For Live Coding (AI-Assisted Development)

Capability	Description
Semantic Code Search	Natural language queries → vector similarity search against indexed code
Find Code by Purpose	Query "How does auth work?" → Returns relevant auth files with line numbers
Symbol Extraction	Extracts functions, classes, methods with signatures, docstrings, calls, imports
Incremental Updates	`learn` with auto mode only re-indexes modified files (uses file modification time)
Persistent Storage	Index survives restarts in `.codegrok/` folder
Load Existing Index	`learn` with `mode='load_only'` instantly loads previously indexed codebase

For Learning a New Codebase

Capability	Description
Entry Point Discovery	Query "main entry point" to find where execution starts
Architecture Understanding	Query "database connection" to find DB layer
Domain Concepts	Query "user authentication flow" to find auth logic
Index Statistics	See files parsed, symbols extracted, timing info

❌ What CodeGrok CANNOT Do

Important: Understanding limitations helps you use the tool effectively.

Not Designed For

Limitation	Explanation
Code Execution	Pure indexing/search - no interpreter, no running tests
Code Modification	Read-only search - doesn't write or edit files
Real-time File Watching	No daemon mode - manually call `learn` again to update index
Cross-repository Search	Single codebase per index - can't search multiple projects simultaneously
Find All Usages	Finds definitions, not references (no "who calls this function?")
Type Inference / LSP	No language server - no jump-to-definition, no autocomplete
Git History Analysis	Indexes current state only - no commit history or blame
Regex/Exact Search	Semantic only - use `grep` or `ripgrep` for exact string matching
Code Metrics	No complexity scoring, no linting, no coverage data

Technical Constraints

Constraint	Impact
First index is slow	~50 chunks/second (~3-4 min for 10K symbols)
Memory usage	Embedding models use 500MB-2GB RAM
Model download	First run downloads ~500MB model from HuggingFace
Query latency	~50-100ms per search

Quick Start

Installation

# Clone the repository
git clone https://github.com/rdondeti/CodeGrok_mcp.git
cd CodeGrok_mcp

# Option 1: Use setup script (recommended)
./setup.sh              # Linux/macOS
# or
.\setup.ps1             # Windows PowerShell

# Option 2: Manual install
python -m venv .venv
source .venv/bin/activate  # Linux/macOS
pip install -e .

# Verify installation
codegrok-mcp --help

Setup script options:

Flag	Description
`--clean`	Remove existing venv before creating new
`--prod`	Install production dependencies only
`--no-verify`	Skip verification step

First Index

Once integrated with your AI tool (see below), ask your assistant:

"Learn my codebase at /path/to/my/project"

Then search:

"Find how API endpoints are defined"
"Where is error handling implemented?"
"Show me the database models"

🎯 Use Cases

Use Case 1: Live Coding with AI

How CodeGrok Saves Tokens:

Without CodeGrok:
  AI tries to read entire codebase → exceeds context window → fails or costs $$

With CodeGrok:
  AI: "I need to add a new route"
    ↓ calls get_sources("Express route definition")
  CodeGrok: Returns routes/api.js:15, routes/auth.js:8
    ↓ AI reads only those 2 files
  Result: 10-100x fewer tokens, faster responses

Use Case 2: Learning a New Codebase

Step 1: "Learn my codebase at ~/projects/big-app"
Step 2: "Where is the main entry point?"
Step 3: "How is authentication implemented?"
Step 4: "Find the database connection logic"
Step 5: "Show me how API errors are handled"

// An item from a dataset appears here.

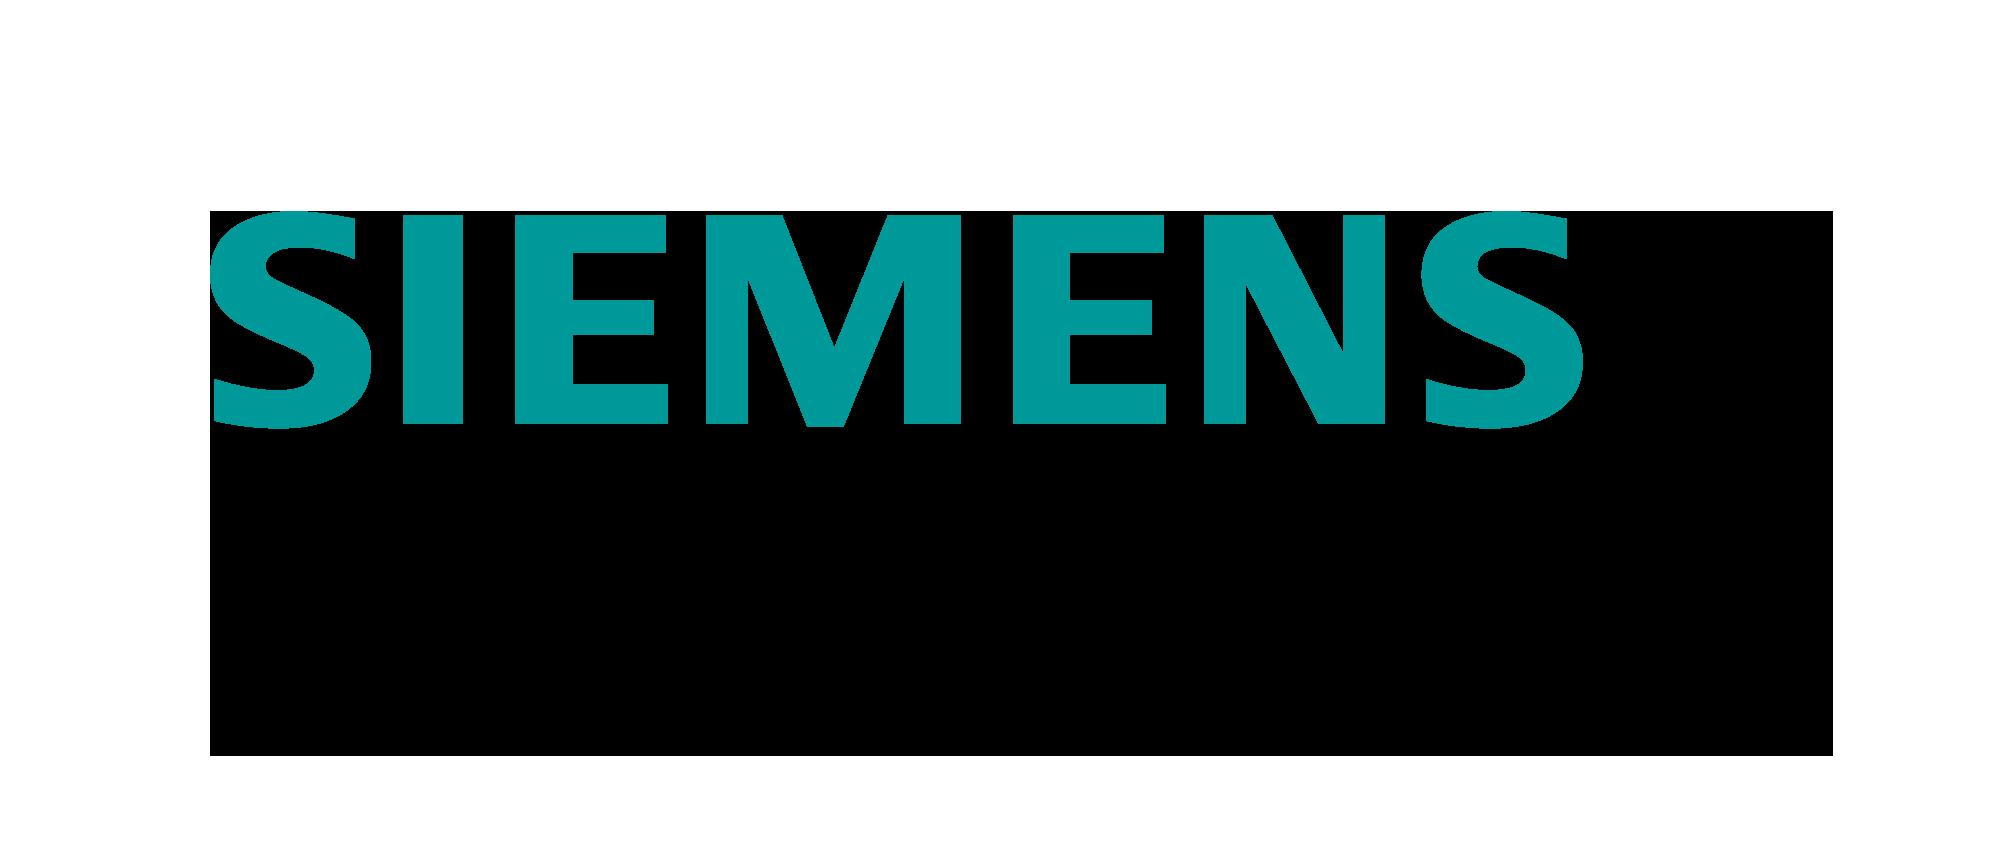 Download Siemens Ingenuity for life logo til web - Siemens PNG

Use Case 3: Code Review Assistance

"Find all functions that handle user input"
"Where is validation performed?"
"Show me error handling patterns"

🔌 AI Tool Integrations

Claude Code (CLI)

The easiest way to add CodeGrok to Claude Code:

# Add the MCP server
claude mcp add codegrok-mcp -- codegrok-mcp

Or manually add to your settings (~/.claude/settings.json):

{
  "mcpServers": {
    "codegrok": {
      "command": "codegrok-mcp"
    }
  }
}

Usage in Claude Code:

> learn my codebase at ./my-project
> find authentication logic
> where is the main entry point?

Claude Desktop

Add to your Claude Desktop configuration:

Platform	Config File Location
macOS	`~/Library/Application Support/Claude/claude_desktop_config.json`
Windows	`%APPDATA%\Claude\claude_desktop_config.json`
Linux	`~/.config/Claude/claude_desktop_config.json`

{
  "mcpServers": {
    "codegrok": {
      "command": "codegrok-mcp",
      "args": []
    }
  }
}

Restart Claude Desktop after saving.

Cursor

Cursor supports MCP servers through its extension system:

Open Settings → Extensions → MCP
Add Server Configuration:

{
  "codegrok": {
    "command": "codegrok-mcp",
    "transport": "stdio"
  }
}

Or add to .cursor/mcp.json in your project:

{
  "servers": {
    "codegrok": {
      "command": "codegrok-mcp"
    }
  }
}

Windsurf (Codeium)

Windsurf supports MCP through Cascade:

Open Cascade Settings
Navigate to MCP Servers
Add configuration:

{
  "codegrok": {
    "command": "codegrok-mcp",
    "transport": "stdio"
  }
}

Cline (VS Code)

Add to Cline's MCP settings in VS Code:

Open Command Palette (Ctrl+Shift+P / Cmd+Shift+P)
Search "Cline: Open MCP Settings"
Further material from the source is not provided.